# Old Planets



## ephemeraldeep (Nov 10, 2013)

Hey people, I've been trying to figure out what my world would be like if it was significantly older than earth is right now, maybe 1/2 million to a million years older or more. The world is not earth, just similar enough that having sources on what an old earth would be like would be very helpful. I have tried looking online, but it's mostly religious stuff about how the earth is actually 6,000 years old, so not quite what I was hoping for.
Any help is welcome!!


----------



## teacup (Nov 10, 2013)

Not sure how the actual planet would be, but I assume that everything would be more evolved than it is now. I've heard it was terrible, but maybe "After Earth" could give you some good ideas?


----------



## Lycan999 (Nov 10, 2013)

There is almost no way to tell. It would mostly depend on the choices the inhabitants of the world make, it could end up anywhere from a inhabitable waste land to a thriving metropolis of advanced beings. Half a million years is a strange number, the planet would probably not have changed much naturally but the inhabitants could have done a great deal. You have given yourself enough time to shape the world however you see fit, just come up with a believable history.


----------



## ThinkerX (Nov 10, 2013)

No significant difference.

Variation depends more on other things, like where the world is at in its stars 'habitable zone', composition of the crust, amount of water on the surface, ect.

Now, if you have a very young world - less than a billion years old - that does affect things.

Earth, for example is around 5 billion years old (I've seen different ages given from 4 to 5 billion years), yet has had a breathable atmosphere (for current lifeforms) for less than a billion years.  And until around 600 million years ago, life on land of any sort pretty much didn't exist, and for a long, long while after that (hundred million years or more) it was basically just plants.  

Millions of years, barring something like getting hit with a 'dinosaur killer' type asteroid, or a million year long ice age, doesn't really count.


----------



## Captain Loye (Nov 10, 2013)

The comments above are pretty much on the mark - changes to biological systems generally happen over millions to tens of millions of years. Geological changes like mountain formation and continental drift are more like hundreds of millions of years.

Today our world is cooler and drier than most times in the past few hundred million years. An older Earth might keep cooling and drying, or it might get hot and wet again (eg, climate change).

There are some pretty cool eras in Earth's history that you could check out on Wikipedia etc for some inspiration on what a slightly different Earth might look like (these are past, but the same conditions could easily happen in the future too):

First, there's the classic dinosaur eras - the Jurassic, Triassic and Cretaceous. Each had its own systems, but generally the world was warmer and wetter, and covered in huge forests of giant ferns and pine trees and everyone's favourite giant reptiles.

Going back further, there's the Carboniferous. This was before mammals, reptiles and amphibians existed, and oxygen levels were much higher. The whole world was basically huge, crazy ferns and giant-sized insects (like 2ft dragonflies - see Meganeura).

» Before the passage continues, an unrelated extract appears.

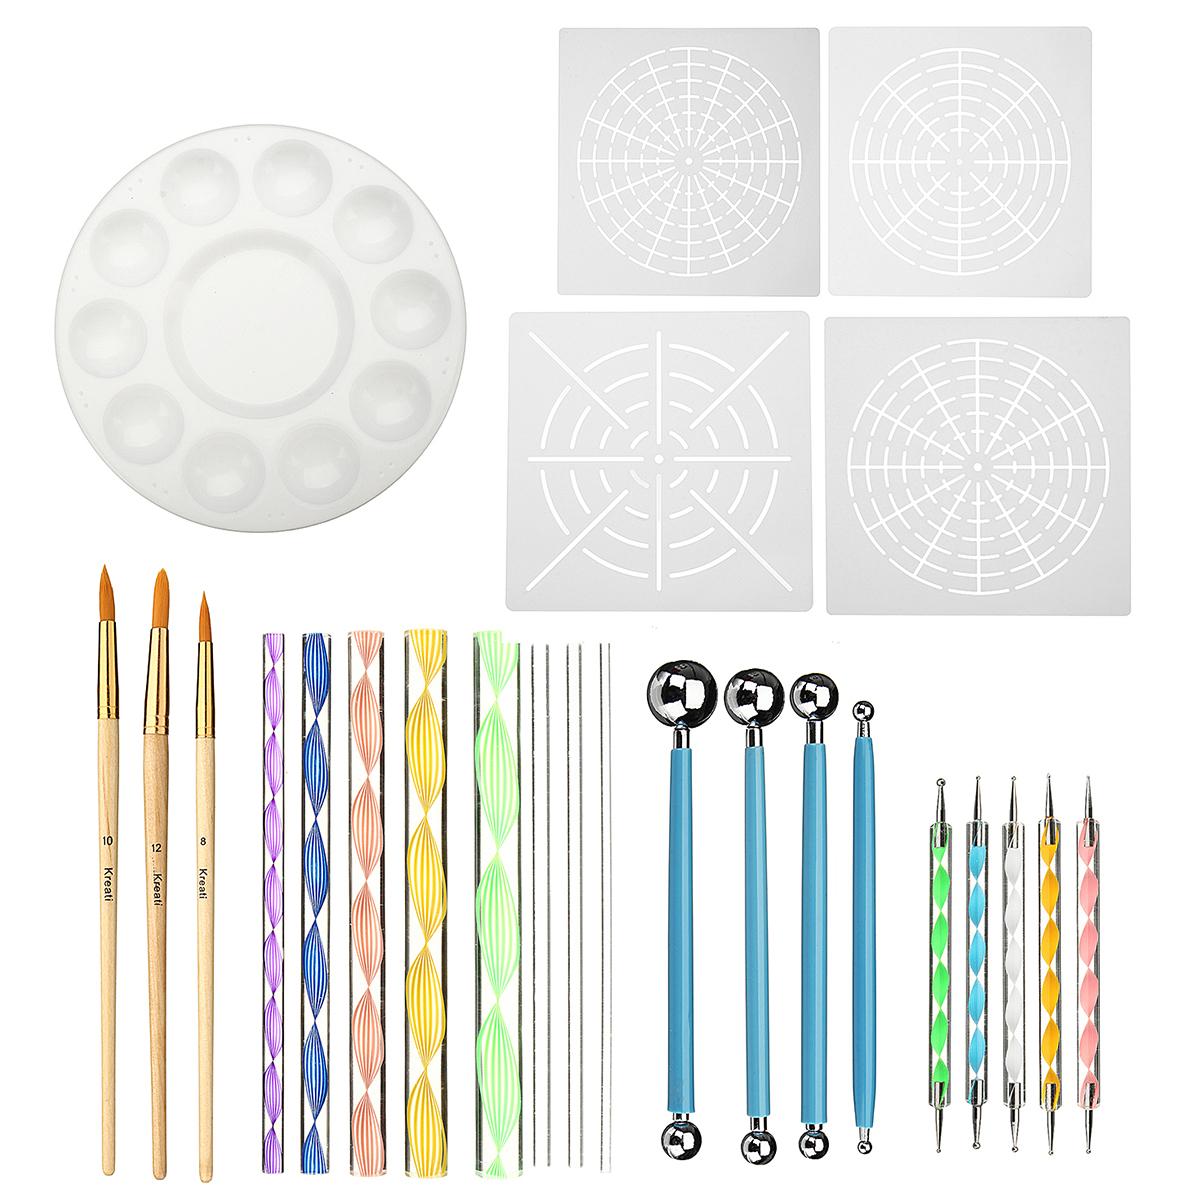 25Pcs/Set Mandala Dotting Set Diamond Paintings Tool Drawing Kits Brushes and Paint Tray for Kids Crafts Nail Art Painting

Finally, going right back to the Cambrian is cool for some of the craziest organisms to every live. This was purely aquatic, there was no thing on land at that point in our history, but definitely a good place to look for animal-inspiration.

If you're looking specifically for an old Earth, try looking at areas in Western Australia (The Pilbara is one of the oldest landscapes on earth - no significant geological processes except for weathering in 3.5 billion years). That is what most of Earth would look like today without processes that renew soil like volcanoes and tectonic activity.


----------



## psychotick (Nov 12, 2013)

Hi,

Strange question. First a million years is nothing geologically speaking. A million years from now, assuming we don't stuff it up, geologically speaking the Earth will be more or less as it is. In another billion it'll probably have changed.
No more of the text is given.